_Work to complete_
Return the data below exactly, stopping after the line with "Win Money in".

Entries shown Start Marker

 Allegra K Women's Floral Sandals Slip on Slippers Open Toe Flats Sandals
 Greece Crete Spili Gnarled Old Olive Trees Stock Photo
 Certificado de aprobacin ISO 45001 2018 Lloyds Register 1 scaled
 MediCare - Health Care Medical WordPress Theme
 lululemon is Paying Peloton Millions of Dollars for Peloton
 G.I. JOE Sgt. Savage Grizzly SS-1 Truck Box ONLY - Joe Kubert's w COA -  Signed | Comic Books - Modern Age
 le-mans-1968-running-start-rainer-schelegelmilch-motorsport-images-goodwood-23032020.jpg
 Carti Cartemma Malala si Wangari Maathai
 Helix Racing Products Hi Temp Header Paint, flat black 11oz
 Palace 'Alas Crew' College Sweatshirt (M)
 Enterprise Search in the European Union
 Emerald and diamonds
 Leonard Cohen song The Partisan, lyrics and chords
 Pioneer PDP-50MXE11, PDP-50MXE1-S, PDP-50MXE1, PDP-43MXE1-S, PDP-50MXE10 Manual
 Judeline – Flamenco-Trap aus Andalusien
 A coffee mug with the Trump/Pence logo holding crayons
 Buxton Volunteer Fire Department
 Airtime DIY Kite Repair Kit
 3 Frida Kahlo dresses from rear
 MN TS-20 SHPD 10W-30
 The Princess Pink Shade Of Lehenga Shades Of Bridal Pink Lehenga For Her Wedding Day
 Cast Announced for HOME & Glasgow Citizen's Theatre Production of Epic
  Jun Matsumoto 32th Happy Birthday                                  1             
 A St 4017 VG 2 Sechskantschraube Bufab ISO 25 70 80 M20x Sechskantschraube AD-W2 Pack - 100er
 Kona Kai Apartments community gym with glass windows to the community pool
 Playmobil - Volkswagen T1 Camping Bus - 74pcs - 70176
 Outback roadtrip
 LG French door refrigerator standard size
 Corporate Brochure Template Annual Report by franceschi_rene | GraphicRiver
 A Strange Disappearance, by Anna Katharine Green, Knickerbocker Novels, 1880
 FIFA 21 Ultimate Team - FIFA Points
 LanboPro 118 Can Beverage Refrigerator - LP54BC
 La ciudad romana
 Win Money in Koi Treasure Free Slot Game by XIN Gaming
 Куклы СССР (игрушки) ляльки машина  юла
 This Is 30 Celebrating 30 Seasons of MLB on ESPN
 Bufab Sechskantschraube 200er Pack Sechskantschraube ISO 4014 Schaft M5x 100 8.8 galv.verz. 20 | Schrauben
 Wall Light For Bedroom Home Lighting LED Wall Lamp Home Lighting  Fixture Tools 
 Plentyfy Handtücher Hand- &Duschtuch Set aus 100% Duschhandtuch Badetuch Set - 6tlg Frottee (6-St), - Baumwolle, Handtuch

Entries shown End Marker

_Exercise output_
 Allegra K Women's Floral Sandals Slip on Slippers Open Toe Flats Sandals
 Greece Crete Spili Gnarled Old Olive Trees Stock Photo
 Certificado de aprobacin ISO 45001 2018 Lloyds Register 1 scaled
 MediCare - Health Care Medical WordPress Theme
 lululemon is Paying Peloton Millions of Dollars for Peloton
 G.I. JOE Sgt. Savage Grizzly SS-1 Truck Box ONLY - Joe Kubert's w COA -  Signed | Comic Books - Modern Age
 le-mans-1968-running-start-rainer-schelegelmilch-motorsport-images-goodwood-23032020.jpg
 Carti Cartemma Malala si Wangari Maathai
 Helix Racing Products Hi Temp Header Paint, flat black 11oz
 Palace 'Alas Crew' College Sweatshirt (M)
 Enterprise Search in the European Union
 Emerald and diamonds
 Leonard Cohen song The Partisan, lyrics and chords
 Pioneer PDP-50MXE11, PDP-50MXE1-S, PDP-50MXE1, PDP-43MXE1-S, PDP-50MXE10 Manual
 Judeline – Flamenco-Trap aus Andalusien
 A coffee mug with the Trump/Pence logo holding crayons
 Buxton Volunteer Fire Department
 Airtime DIY Kite Repair Kit
 3 Frida Kahlo dresses from rear
 MN TS-20 SHPD 10W-30
 The Princess Pink Shade Of Lehenga Shades Of Bridal Pink Lehenga For Her Wedding Day
 Cast Announced for HOME & Glasgow Citizen's Theatre Production of Epic
  Jun Matsumoto 32th Happy Birthday                                  1             
 A St 4017 VG 2 Sechskantschraube Bufab ISO 25 70 80 M20x Sechskantschraube AD-W2 Pack - 100er
 Kona Kai Apartments community gym with glass windows to the community pool
 Playmobil - Volkswagen T1 Camping Bus - 74pcs - 70176
 Outback roadtrip
 LG French door refrigerator standard size
 Corporate Brochure Template Annual Report by franceschi_rene | GraphicRiver
 A Strange Disappearance, by Anna Katharine Green, Knickerbocker Novels, 1880
 FIFA 21 Ultimate Team - FIFA Points
 LanboPro 118 Can Beverage Refrigerator - LP54BC
 La ciudad romana
 Win Money in Koi Treasure Free Slot Game by XIN Gaming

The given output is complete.